Category | Patients with text entry (N) (%) | Patients with equivalent code (N) (%) | Patients with text only (N) (%) | Median time earliest text entry prior to RA code (days) (IQR) |
---|---|---|---|---|
DMARD | 114 (39%) | 131 (45%) | 27 (9%) | 38 (0–281) |
Rheumatoid arthritis | 121 (41%) | 294 (100%) | – | 34 (0–168) |
Inflammatory arthritis | 63 (21%) | 33 (11%) | 53 (18%) | 140 (28–256) |
Other arthritis | 124 (42%) | 41 (14%) | 109 (37%) | 148 (37.5–361) |
Synovitis | 54 (18%) | 11 (4%) | 48 (16%) | 82 (16–206) |
Referral to rheumatology | 126 (43%) | 122 (42%) | 61 (21%) | 68.5 (14–181) |
Joint pain | 193 (66%) | – | – | 169 (52–356) |
Effusion | 28 (10%) | – | – | 102 (15.5–278) |
Stiffness | 108 (37%) | – | – | 116.5 (18.5–263) |
Swelling | 137 (47%) | – | – | 148 (35–302) |
Any joint symptom | 221 (75%) | 133 (45%) | 106 (36%) | |
Rh test, no result | 94 (32%) | – | – | 47.5 (17–154) |
Positive Rh test | 62 (21%) | – | – | 66 (8–169) |
Negative Rh test | 25 (8.5%) | – | – | 178 (11–334) |
Any Rh test reference | 135 (46%) | 163 (55%) | 26 (9%) | |
Steroids | 86 (29%) | – | – | 119 (18–372) |
Non-specific inflammatory markers | 185 (63%) | 181 (62%) | 52 (18%) | 120 (23–298) |
DMARD, disease-modifying antirheumatic drug; RA, rheumatoid arthritis; Rh, rheumatoid factor.

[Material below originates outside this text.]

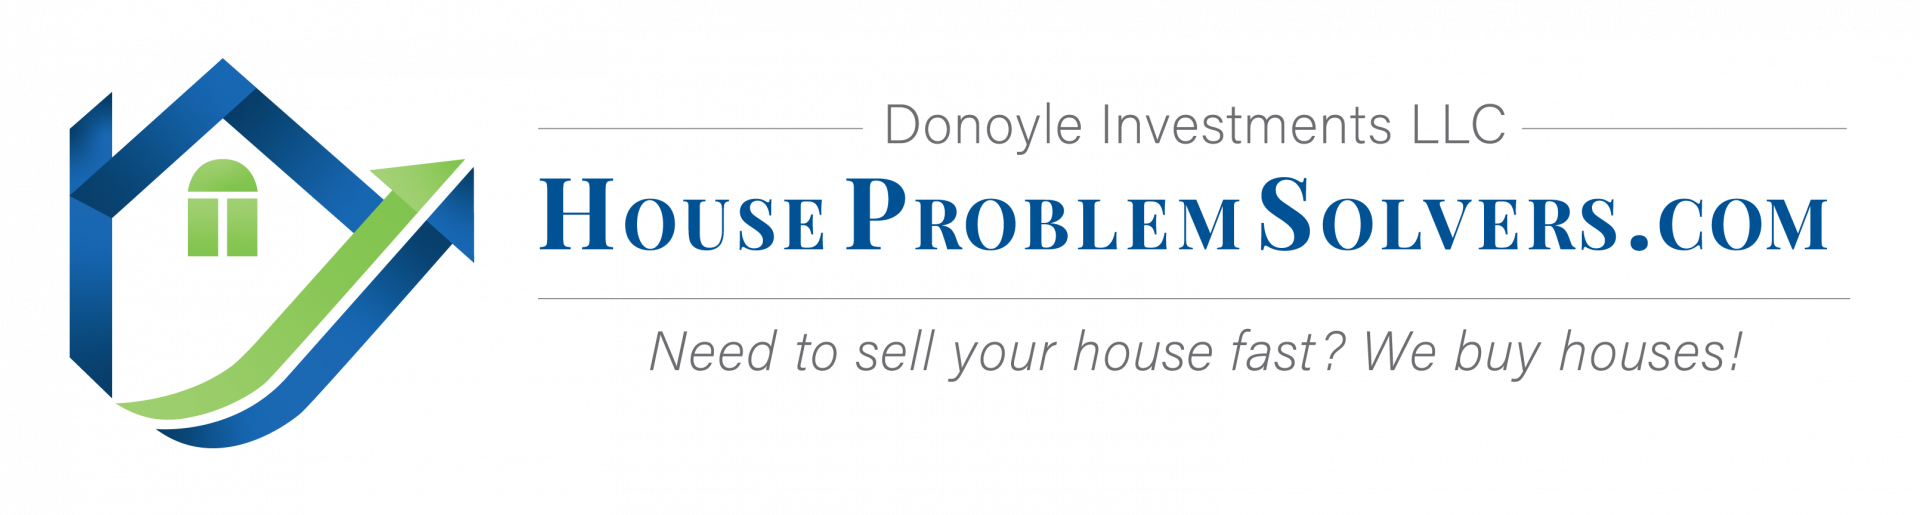 HouseProblemSolvers.com logo

Association of text and codes
Table 4 shows the top 20 codes under which RA-relevant text information was found, representing 56.6% of all RA-related text information. In total, 24.7% of relevant text information was found under the top three codes, ‘letter from specialist’, ‘patient reviewed’ and ‘seen in rheumatology clinic’. The majority of information was found under communication codes (7 of 20 codes) and general consultation codes (3 of 20).
Table 4.
Code | Frequency | % of all strings |
---|---|---|
Letter from specialist | 486 | 11.20 |
Patient reviewed | 296 | 6.82 |
Seen in rheumatology clinic | 290 | 6.69 |
Pain in joint—arthralgia | 228 | 5.26 |
Incoming mail NOS | 191 | 4.40 |
Rheumatoid arthritis | 182 | 4.20 |
Telephone encounter | 119 | 2.74 |
Had a chat with patient | 91 | 2.10 |
Erythrocyte sedimentation rate | 70 | 1.61 |
Nursing care blood sample taken | 56 | 1.29 |
Blood withdrawal | 53 | 1.22 |
Arthritis | 50 | 1.15 |
Pain | 47 | 1.08 |
Seen by rheumatologist | 47 | 1.08 |
Seen in hospital outpatients | 44 | 1.01 |
Incoming mail | 43 | 0.99 |
Hand pain | 42 | 0.97 |
Knee pain | 41 | 0.95 |
Communication from: | 40 | 0.92 |
Foot pain | 38 | 0.88 |
DMARD in text as a proxy for RA diagnosis
How many patients have DMARD>14 days prior to their code?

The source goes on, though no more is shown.